If $OPENROUTER_IMAGE_API_KEY is unset but $OPENROUTER_API_KEY is set (fallback path), print a one-line deprecation notice: "Using legacy OPENROUTER_API_KEY. Please migrate to OPENROUTER_IMAGE_API_KEY." and continue.
All subsequent API calls use Authorization: Bearer $IMAGE_KEY.
Step 2: Parse User Intent
Determine the operation type and parameters from the user's request:
2.1 Operation type
- Generate: Create a new image from a text prompt (default)

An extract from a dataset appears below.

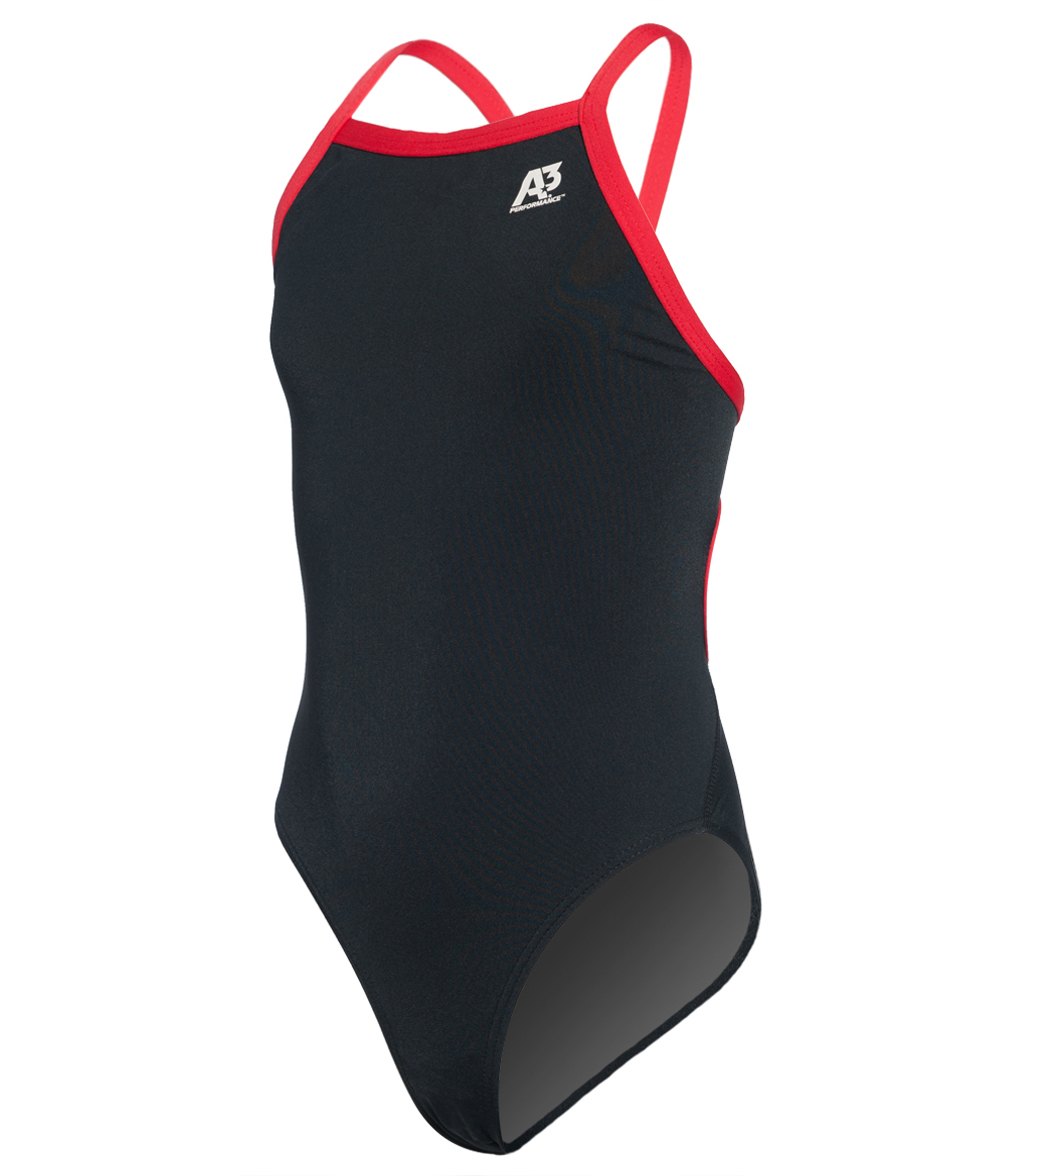 A3 Performance Female Youth X-Back Poly Swimsuit W/ Contrast Trim - Black/Red 22 Polyester/Pbt - Swimoutlet.com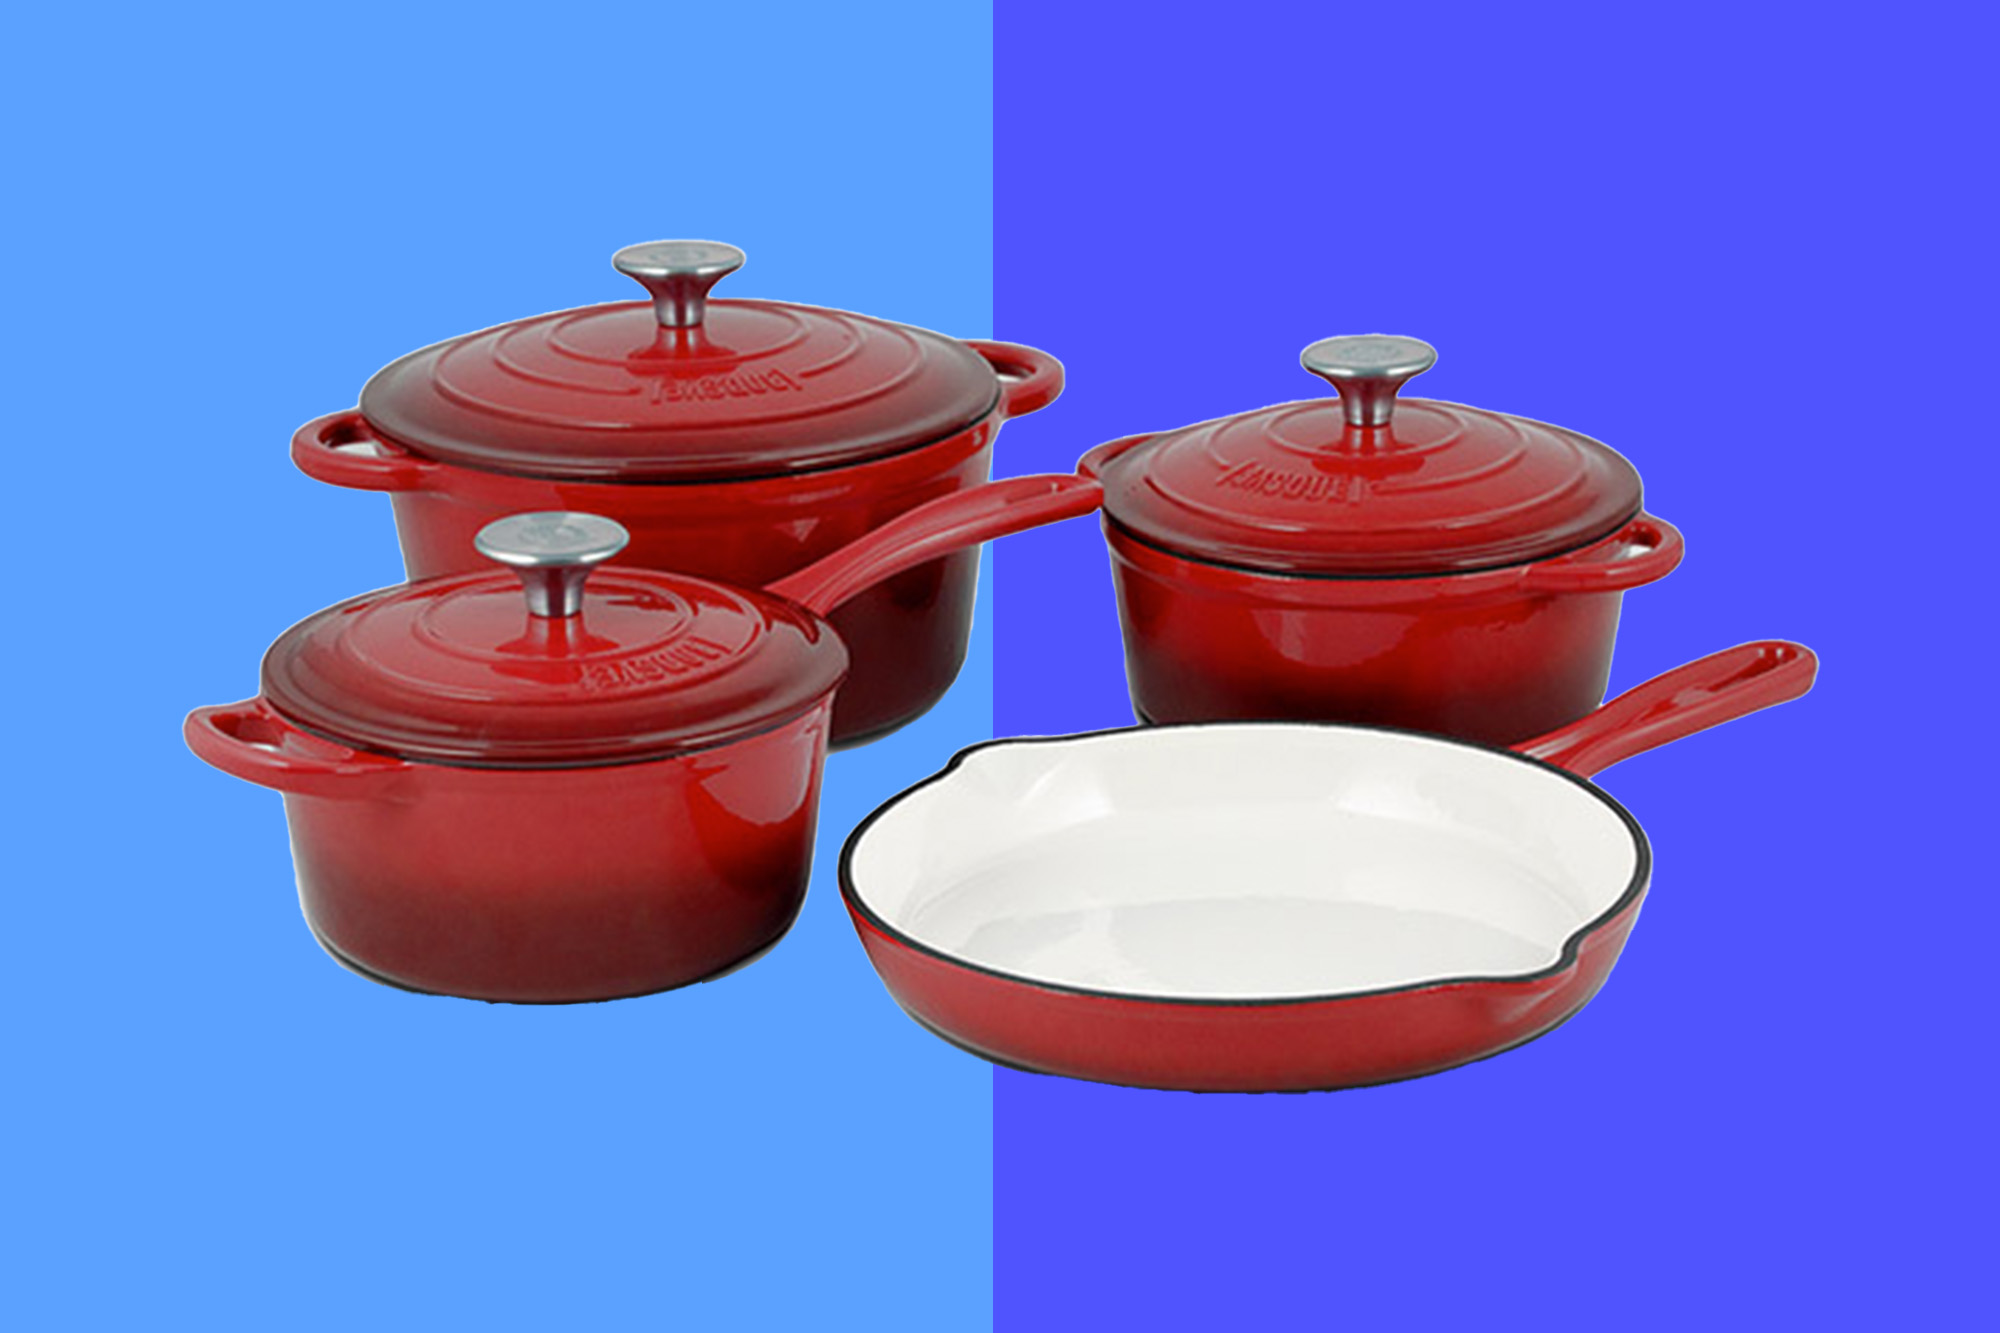 Red pots and pans on a shelf

- Edit: Modify an existing image — user provides an image file path and editing instructions
2.2 Extract parameters
- prompt (required): The text description for image generation/editing
- model (optional): Either a shorthand (
flash, pro) or a full OpenRouter model ID (e.g., black-forest-labs/flux-1.1-pro). If not provided, the user is prompted to choose in Step 3 — there is no silent default.
- source image (optional, for edit): Path to an existing image file
- aspect ratio / dimensions (optional): Include in prompt if specified by user
- style preset (optional): A predefined style template (see Style Presets below)
Step 2.5: Style Presets
When the user's request matches a style preset, wrap their content with the preset's prompt template. The user only needs to provide the topic/content — the style instructions are injected automatically.
Available Presets
infographic — Hand-drawn Infographic Card
Trigger keywords: "infographic", "info card", "信息图", "信息卡片", "科普卡片", "手绘卡片", "インフォグラフィック", "인포그래픽"
Prompt template (wrap around the user's topic/content):
Create a hand-drawn style infographic card in landscape orientation (16:9 ratio).
Subject: {USER_CONTENT}
Style requirements:
- Hand-drawn / sketch illustration style with a warm, friendly, artisanal aesthetic
- Background: beige / cream color with subtle paper grain texture (NOT kraft paper, NO wrinkles or creases)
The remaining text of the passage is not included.